1秒以上離されていると【0-1-1-33】となり、好走確率がぐっと下がってしまう。唯一連対したのは2015年のルージュバック(桜花賞1秒差の9着)。桜花賞にはきさらぎ賞から直行という、当時は異例と言われたローテーションだった。
☆その他
桜花賞組で気になったのは前走枠順。5枠を引いていた馬が6勝。2位が7枠の2勝だから、5枠で走っていた馬が異常に結果を出しているのが分かる。
ジェンティルドンナ、アパパネ、そしてデアリングタクトの三冠馬、そして二冠馬ブエナビスタも桜花賞5枠だった。今年の桜花賞馬スターズオンアースは……4枠でした。ちなみに、桜花賞を4枠で走っていた馬から勝ち馬は出ていない。
もっと悲惨なのは、桜花賞で1、2枠を引いていた馬。該当する28頭はすべて3着以下。偶然かもしれないが、そこそこのサンプル数がありながら、過去15年で1度も連対していないのは無視できない。
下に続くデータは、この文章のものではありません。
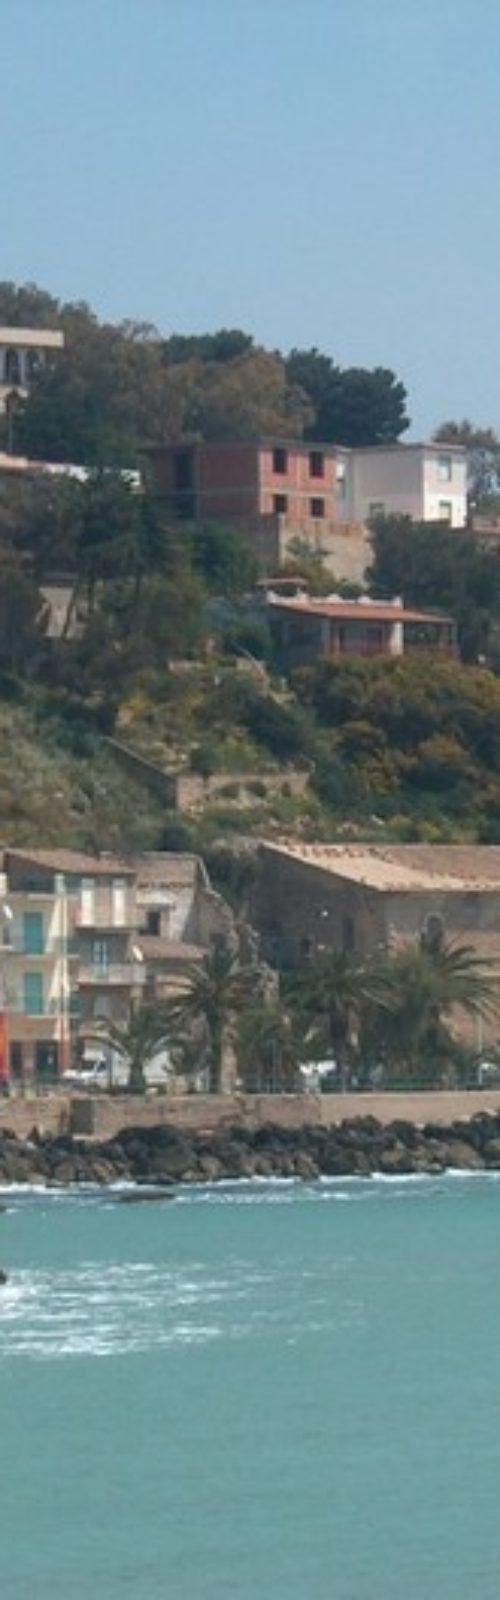 Marina di Palma 05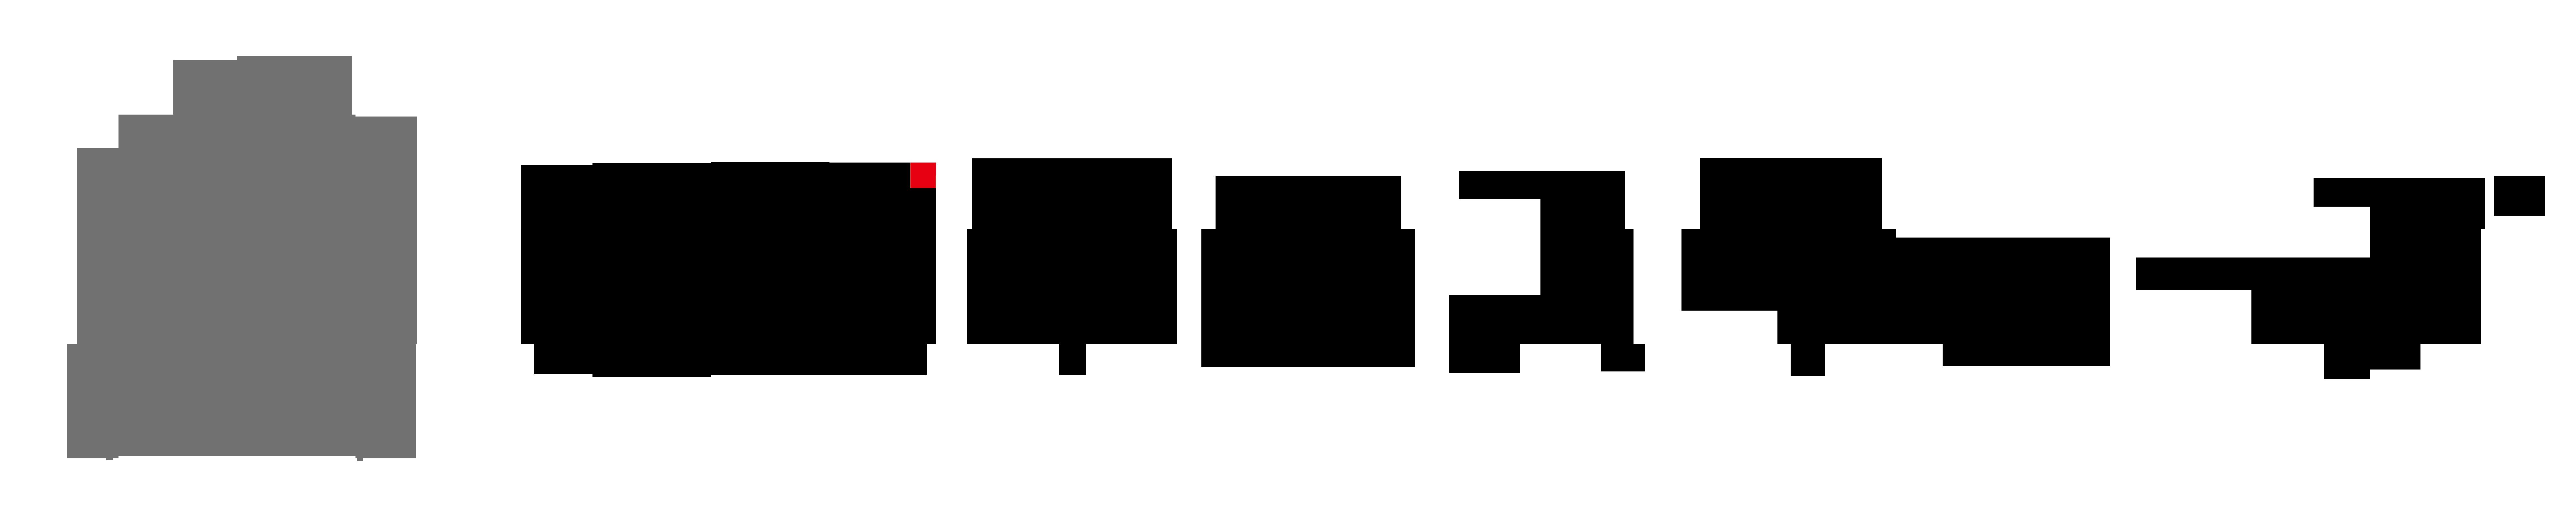 株式会社 日本エスキューブ

そういえば、昨年の1番人気ソダシ(8着)も、桜花賞は黒帽子で走っていた。
続いてオークス全体でその他のデータを見ると、まず前走1~3着馬、そして前走1、2番人気馬の好走率が高い。これは桜花賞組以外にも共通するプラスデータとなる。
種牡馬では、ディープインパクト(4勝)しか複数の勝ち馬を出していない。一方、クロフネ産駒は距離の壁なのか、昨年の1番人気馬ソダシを含めて1頭も連対していない(今年は出走なし)。
あとは、キャリア2戦または10戦以上の馬、前走で1秒以上離された馬、そして中2週以内の馬から勝ち星は出ていない。